Depois da “Maré de Oxford Street” Virginia Woolf leva-nos a visitar as casas do casal escocês Thomas e Jane Carlisle em Chelsea e de Keats em Hampstead. Sem água canalizada, todo o trabalho de aquecimento e transporte de água para os banhos desde a cozinha até ao terceiro andar da casa dos escoceses, em que a Sra. Carlisle e a criada se afadigavam, tornavam esta casa num campo de batalha contra o frio e o pó. Virginia Woolf diz que esta casa é marcada pelo mês de Fevereiro, ao contrário da casa de Keats, uma casa despojada de móveis, com muita luz e em que reina a Primavera.

A Catedral de Saint Paul e a Abadia de Westminster não podiam deixar de ser referidas como locais marcados pela vastidão, pela serenidade e pela presença de grandes estadistas e homens de acção que aqui repousam e onde se encontram os seus nomes e estátuas jazentes.  Não menos digno de nota, uma inscrição que leu na parede de uma pequena igreja – St. Mary-le Bow – onde a memória e as qualidades de um homem comum ficaram imortalizadas.
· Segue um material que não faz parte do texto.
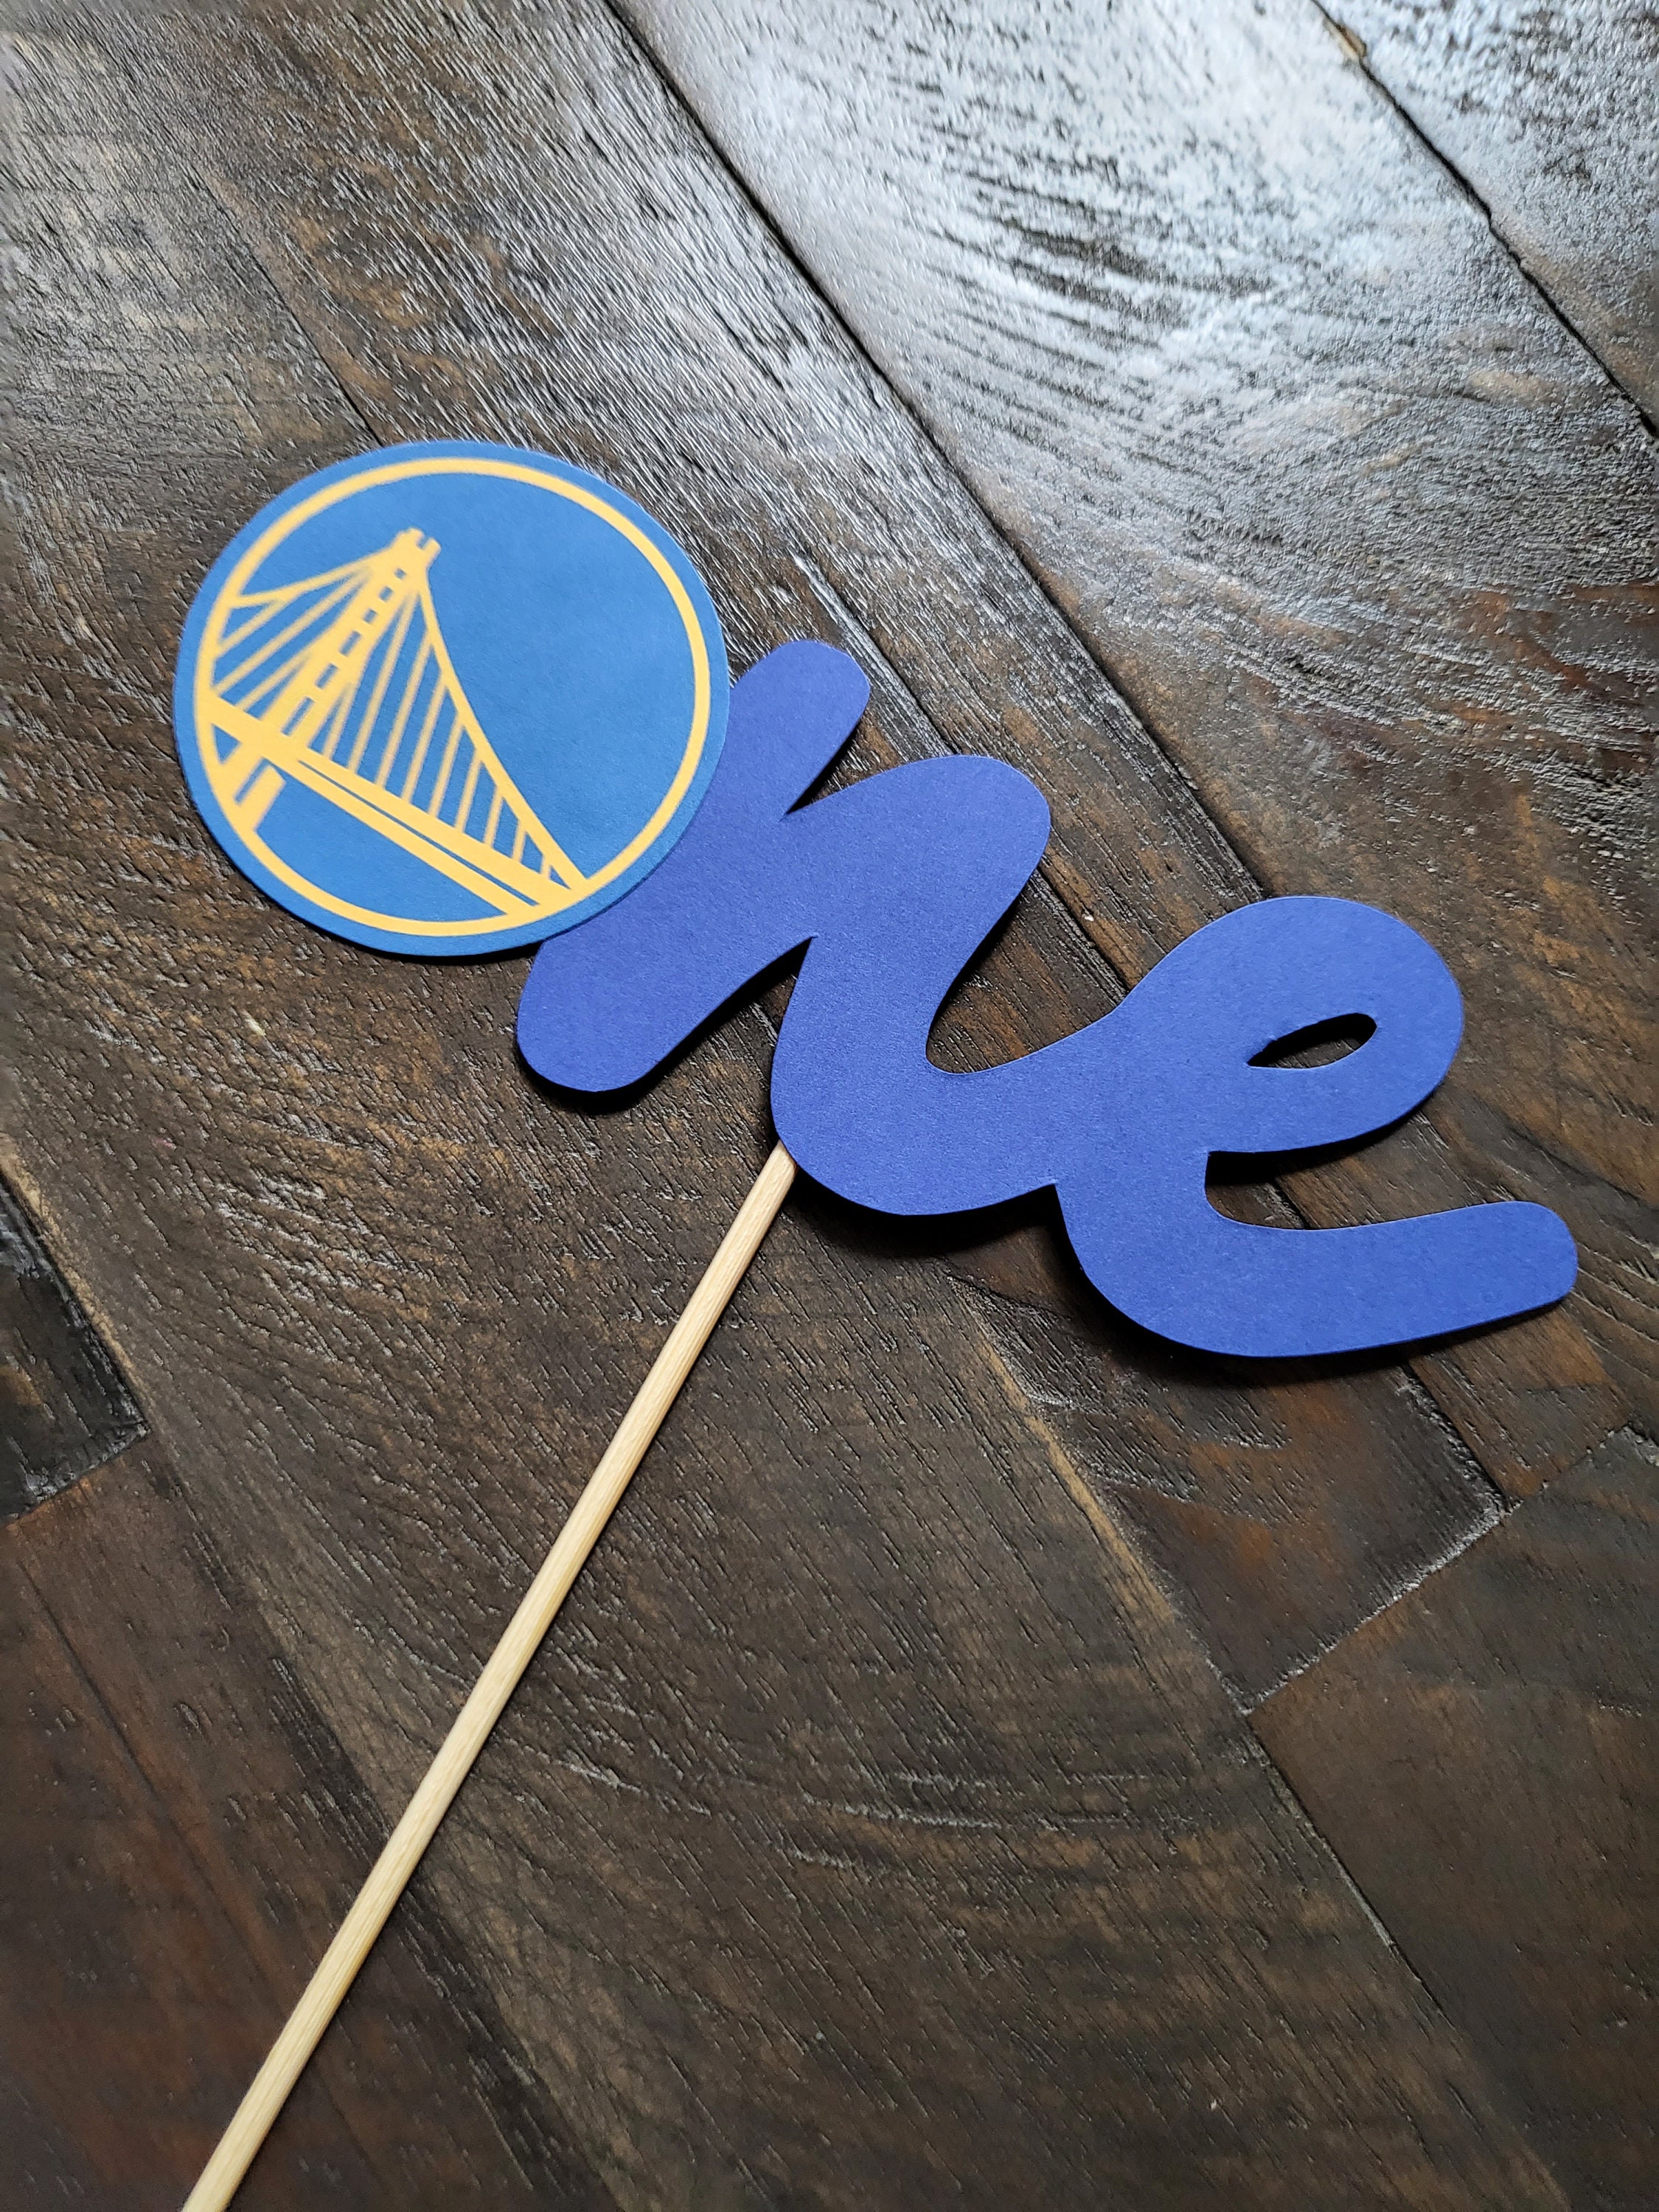 Golden State Cake Topper Stephen Curry Cake Topper NBA Cake Topper Golden  State Caprisun Golden State Boxes Golden State Chips Bags

O confronto entre o perene e o transitório que Virginia Woolf faz na referência às estátuas dos homens que ficaram na história e que existem na cidade e o dia-a-dia das pessoas comuns é aprofundado no ensaio sobre a Câmara dos Comuns. Aqui, os deputados são comparados a um “bando de pássaros num campo de terra lavrada.” ”Estes homens pouco se distinguem das pessoas normais” mas são eles que decidem da paz ou da guerra, ou das coisas mais comezinhas como a velocidade a que se pode conduzir em Londres. Virginia Woolf dificilmente os vê transformados em estátuas. “Os dias do indivíduo e do poder pessoal terminaram de vez”. e conclui que a democracia transformou o Parlamento. No entanto, o seu optimismo não é excessivo pois a democracia ainda avança a custo, lentamente e é vigiada por inúmeros polícias…
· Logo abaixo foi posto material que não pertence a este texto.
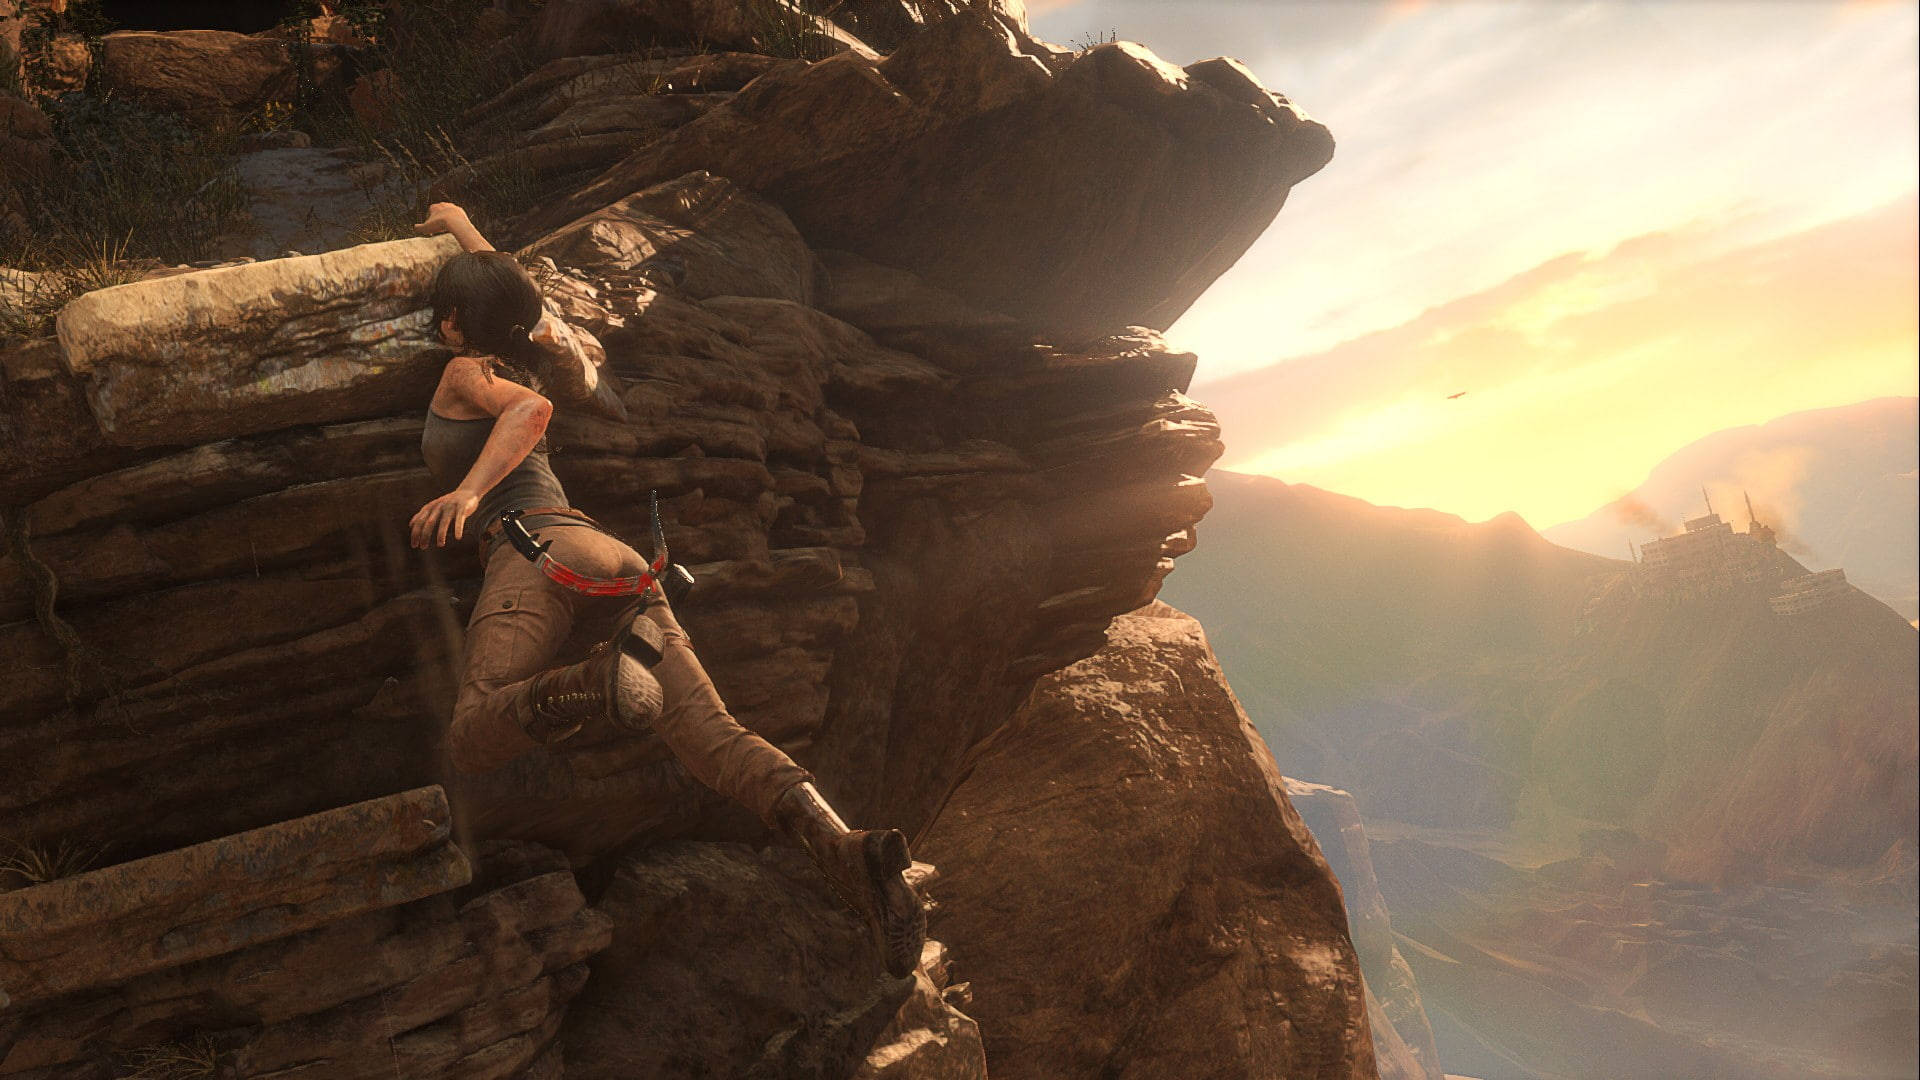 Intense Cliff Hanging Moment In Rise Of The Tomb Raider. Background

Finalmente, o último ensaio é o delicioso e pouco lisonjeiro retrato de uma londrina. Chama-lhe Sra. Crowe. É “uma coleccionadora de relações”, recebe um grupo restrito de amigos para o chá das cinco, os quais alimentam com as suas conversas frívolas a bisbilhotice de que são feitas as suas vidas. Afinal de contas para eles e para a Sra. Crowe, Londres não passava de uma aldeia e a bisbilhotice era tudo o que queriam da vida.
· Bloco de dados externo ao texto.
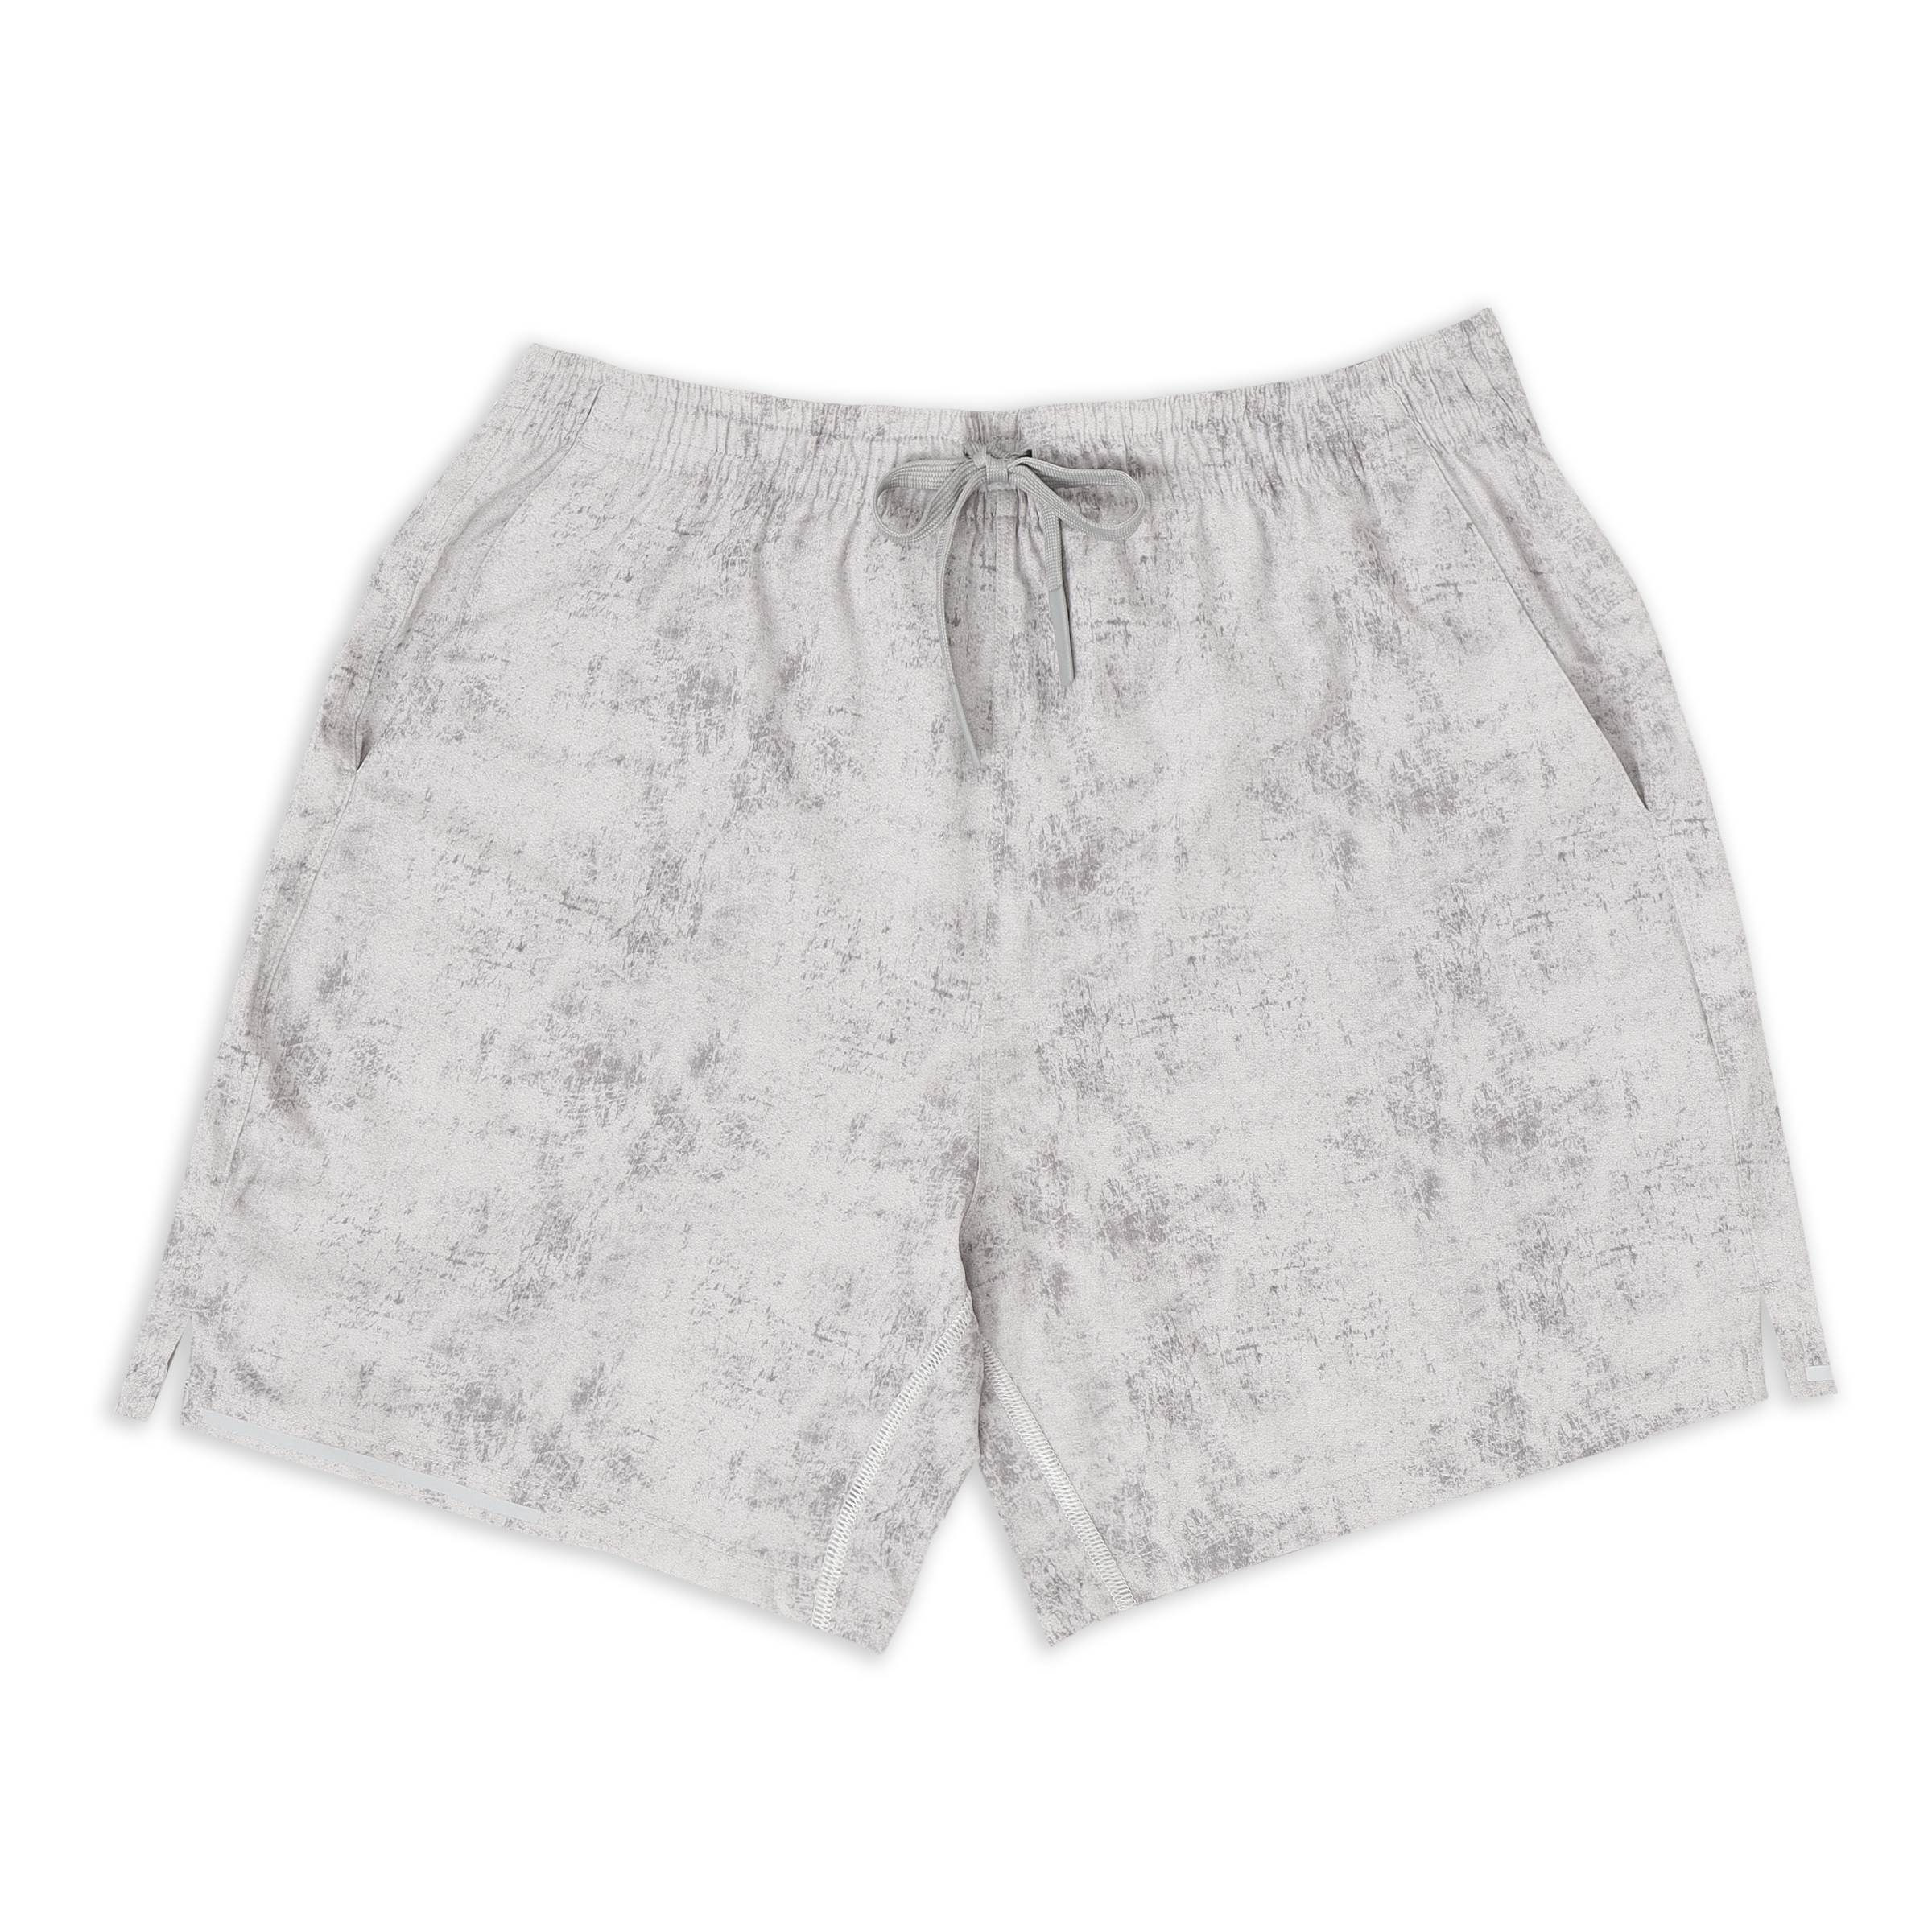 Run Short 5.5" Concrete front with elastic waistband, dyed-to-match drawstring with rubberized tips, two front pockets, split hem, and reflective line on bottom right hem

A ideia que perpassa da cidade de Londres nestes ensaios escritos em 1931 é de uma cidade trepidante, em que as pessoas se acotovelam, com multidões sempre apressadas, havendo até referência a turistas (pág. 67). “Os únicos sítios tranquilos …são os cemitérios.” A trepidação e o encanto da sua cidade testemunhados por esta ilustre londrina, continuam a atrair milhões de turistas um século depois. Como seria “The London Scene” escrito por Virgínia Woolf em 2019? Numa página do seu Diário de 5 de Maio de 1924 escrevia “Londres fascina, saio e é de imediato um mágico tapete colorido e eis-me transportada para a beleza, sem ter sequer de mexer um dedo.”